Diderot’s Encyclopédie was a crowning achievement of the art of printing, a trade well documented in the work’s text and plates. The Institute’s set is a showcase example—large folio volumes bound in their original polished calf bindings with finely tooled letters and decorations in gold leaf. Though the provenance of the Institute’s Encyclopédie is not fully known, the volumes contain tantalizing clues to the history of their previous ownership. The only manuscript annotations in the set are found on an engraved plate detailing the human skeleton. On the engraving, the name and location of each bone of the skeleton are inscribed, taken from a key at the start of the volume—presumably for ease of study. There is also evidence of a previous owner’s interest in botany, given the multitude of vegetation samples found preserved within. Ferns, reeds and wildflowers are carefully pressed between the pages throughout the volumes. Lastly, a piece of blank stationary laid into volume fifteen gives an indication of one possible location for a previous owner of this Encyclopédie. The quality of the stationary and the typography suggests it dates from the late nineteenth century. The heading lists a “Ferme de Chevry, P. Giot, cultivateur, par Brie-Comte-Robert, Seine-et-Marne”—probably referring to Parfait Giot, a farmer and community leader in Brie-Comte-Robert, a small town southeast of Paris, whose obituary was published in the Briard Almanach Républicain of 1896. This cannot paint a full picture of its history; however, the ephemera discovered throughout the Encyclopédie’s volumes provide an intriguing glimpse into how such a resource could have been put to practical use through the generations since its publication.
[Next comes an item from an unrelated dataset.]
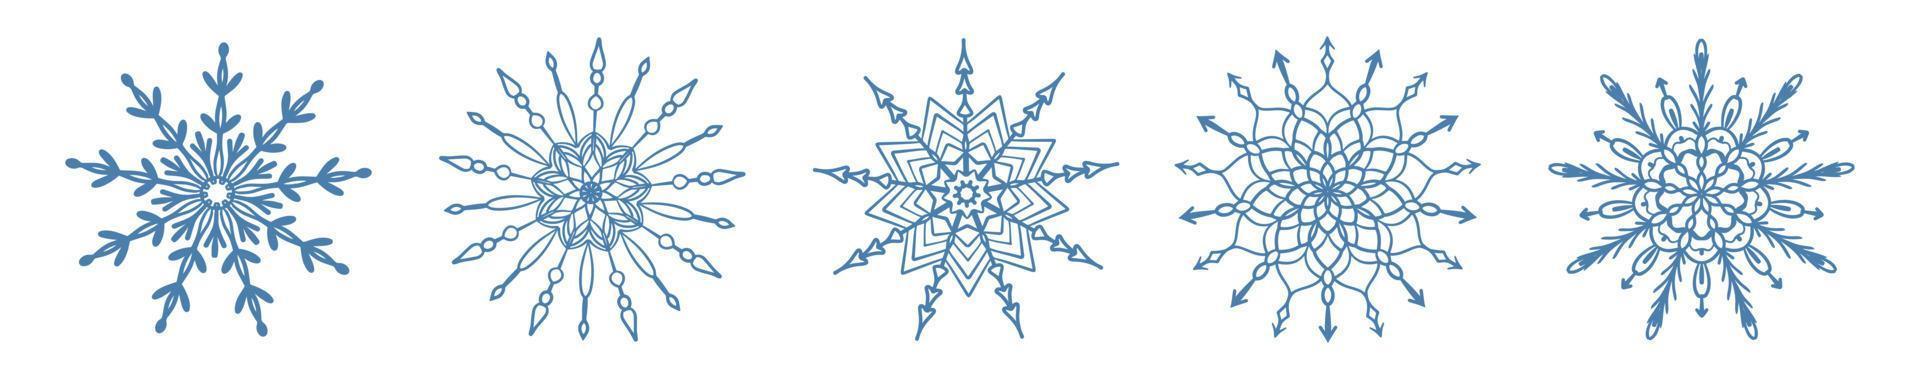 ensemble d'icône de flocon de neige bleu dessiné à la main isolé sur fond blanc. Élément de conception d'hiver collection d'illustrations vectorielles en cristal de gel de flocon de neige. vecteur
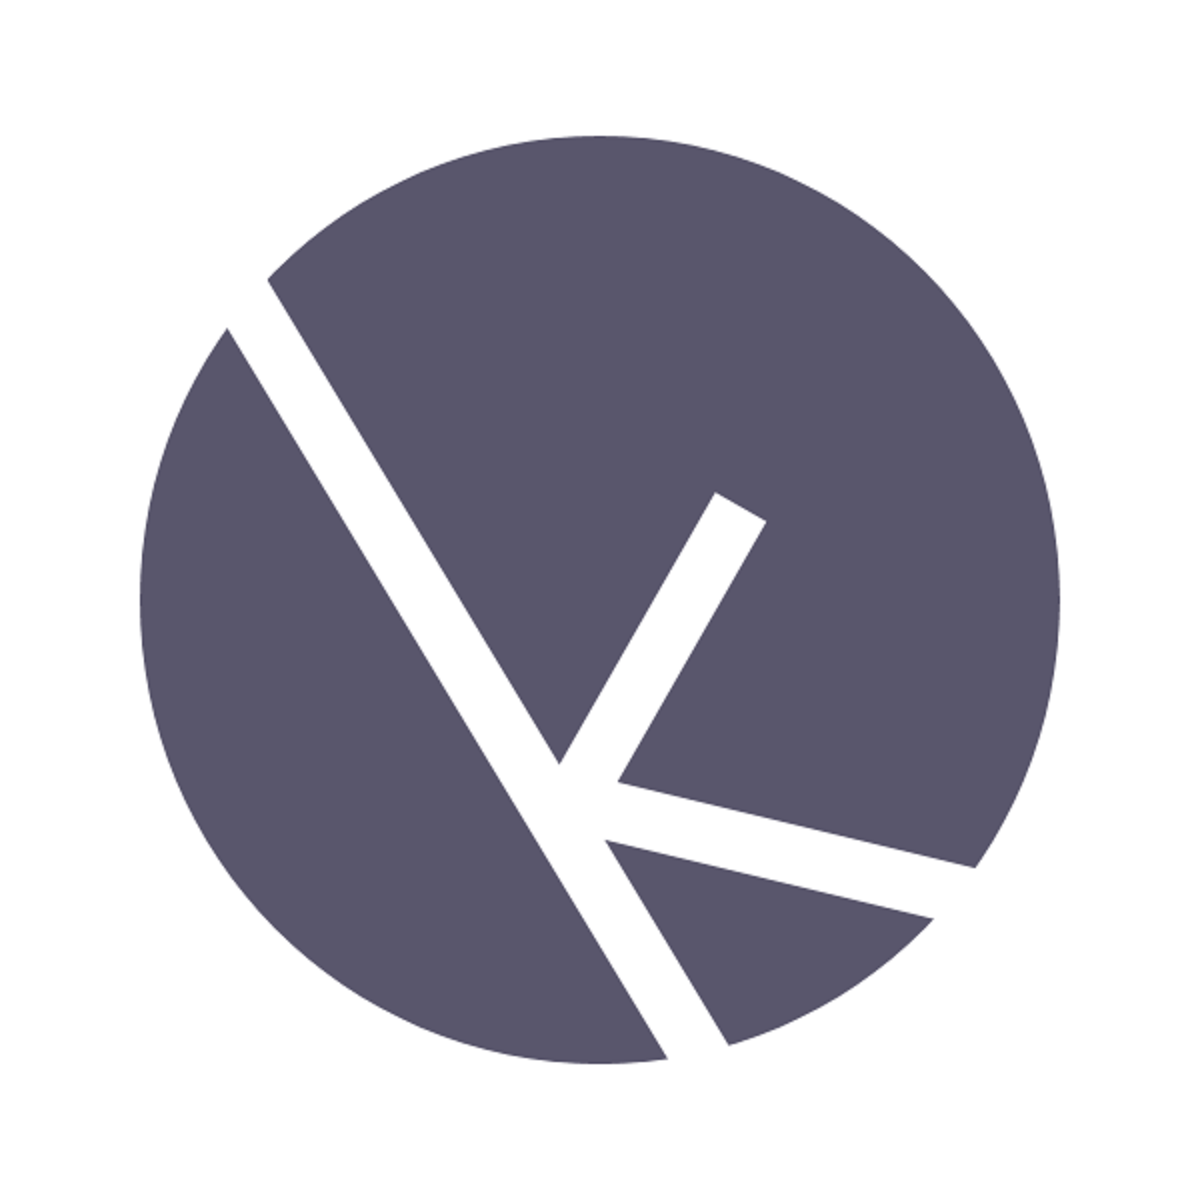 Komfortkasse offline payments for Shopify

Now a centerpiece of the Institute’s Fergusson Collection, this superb set of the Encyclopédie offers a window into the eighteenth century on the eve of social and industrial revolution. Not only does it serve as representative of the complex philosophical, social and scientific debates during the Enlightenment, on a practical level the Encyclopédie served as a trusted compendium for the theory and practice of warfare, as well as providing a window into everyday life and work.